I think some of my best insights happen when I’m at my lowest - odd that - or perhaps not - is that maybe when God draws closest? Anyway, someone was rabbiting on about praying for revival, and how this pandemic was such a great time for sharing the gospel because people were depressed and vulnerable. It wasn’t nice - it was as though they thought God might have sent the pandemic to make people turn back to him. I am incapable of believing that God wills evil to befall us - it doesn’t seem 'in character' at all for a God whose nature is supposed to be love. And I fell to thinking about ‘revival’... And ‘expectations’.

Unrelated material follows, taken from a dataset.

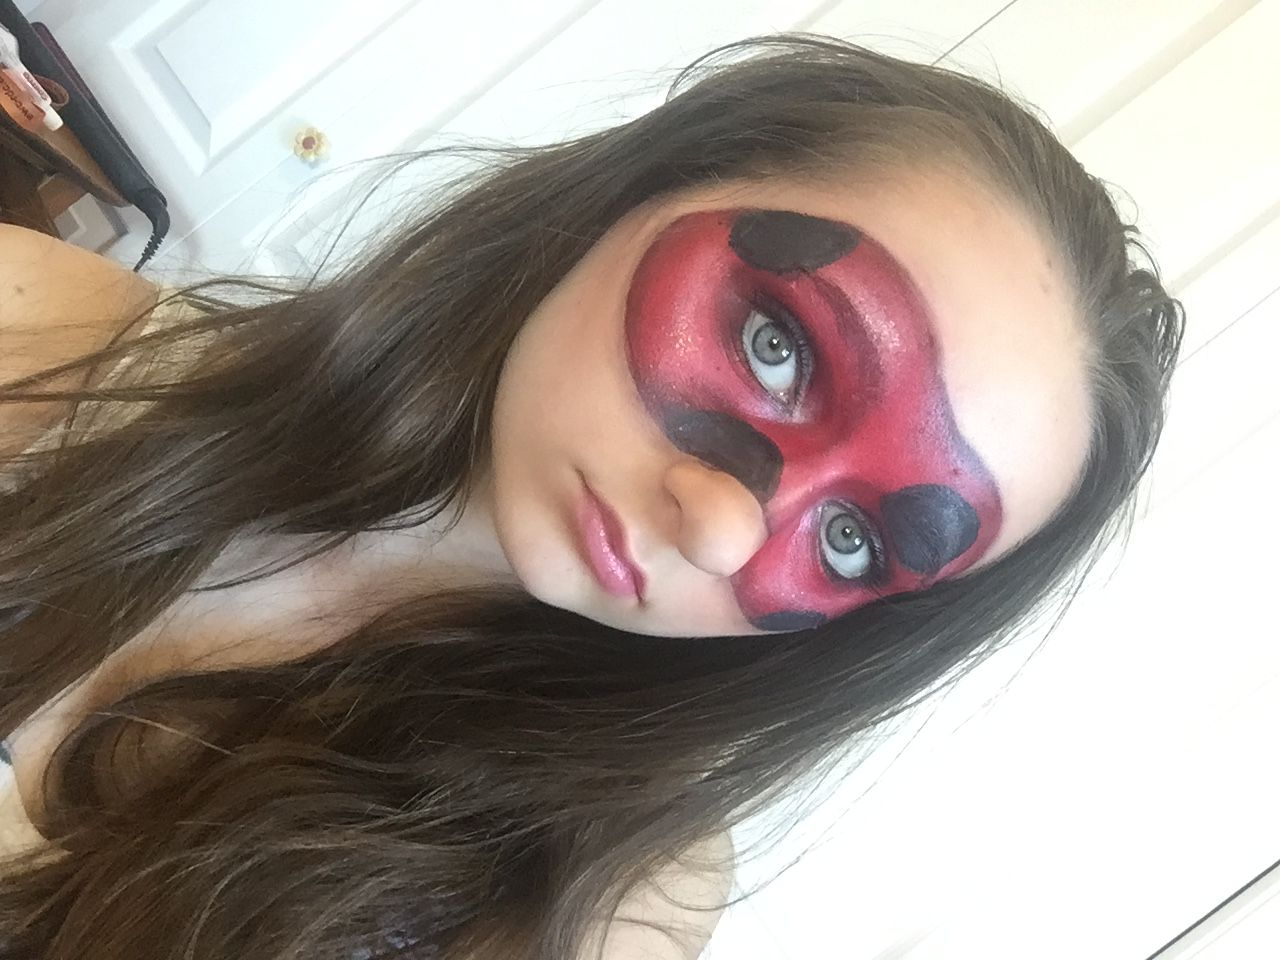 Ladybug Mask Made With Makeup Inspiracao De Maquiagem Maquiagem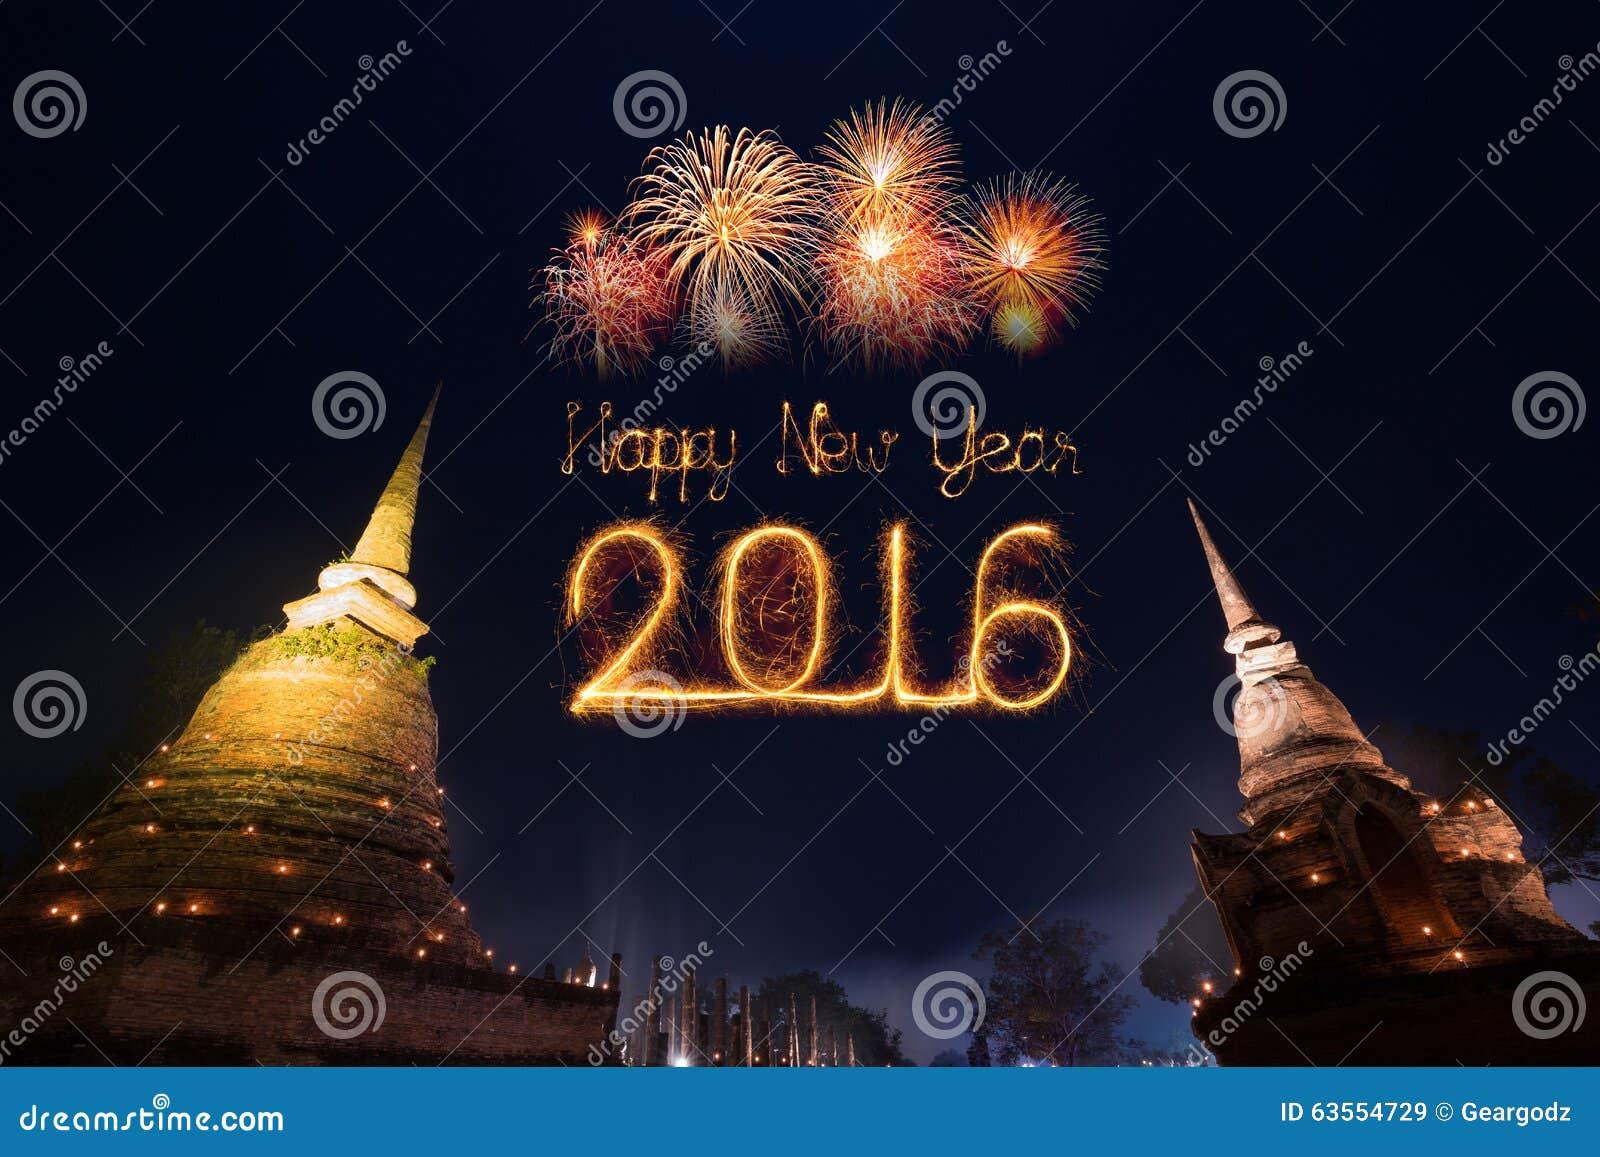 2016 happy new year fireworks celebrating over sukhothai histori

You know how the Jews in the first century were hoping for a messiah, who would come in, drive out the hated Romans and physically set Israel free? Instead God gave them something even better, but they were so blinded by the expectations they’d put on God, and how much they’d invested in ‘their’ chosen or expected ‘solution to the Roman problem’ that they utterly failed to see it. Even once they’d been told, his disciples quite clearly didn’t really understand (at least until afterwards, when understanding seems finally to have dawned) that Jesus wasn’t here to fulfil their dreams of liberation in the way they expected.

What if, as I suspect, all this deconstruction/reconstruction of people’s faith, this progressing/progressive/emerging church movement is actually the revival a lot of earnest evangelicals have been praying for, but because it doesn’t fit their expectations, they can’t (or don’t want to?) see it for what it is?

We, in the evangelical church, desperately need to rethink our theology - unless we do, the ‘slide’ into irrelevance and obscurity will continue (if it doesn’t accelerate). People are turned off by the gospel as it is usually preached - nowadays it’s probably better at making atheists than converts. That gospel is based, as we have begun to see above, on quite shaky biblical foundations; a far more attractive, far more Christlike, gospel is out there, just waiting for us to realise and to adopt it as our own.

“We were learning at last that it’s the “kindness of God that leads to repentance” (Rom. 2:4), and that it is only “the grace of God that teaches us to say no to ungodliness” (Titus 2:11-12).

What the church at large needed more than anything - and what the world was more than ready for - is a More Christlike God and, by extension, a More Christlike Church (because we mimic what we worship).” From ‘A More Christlike God’ by Brad Jersak

That gospel truly is good news for everyone.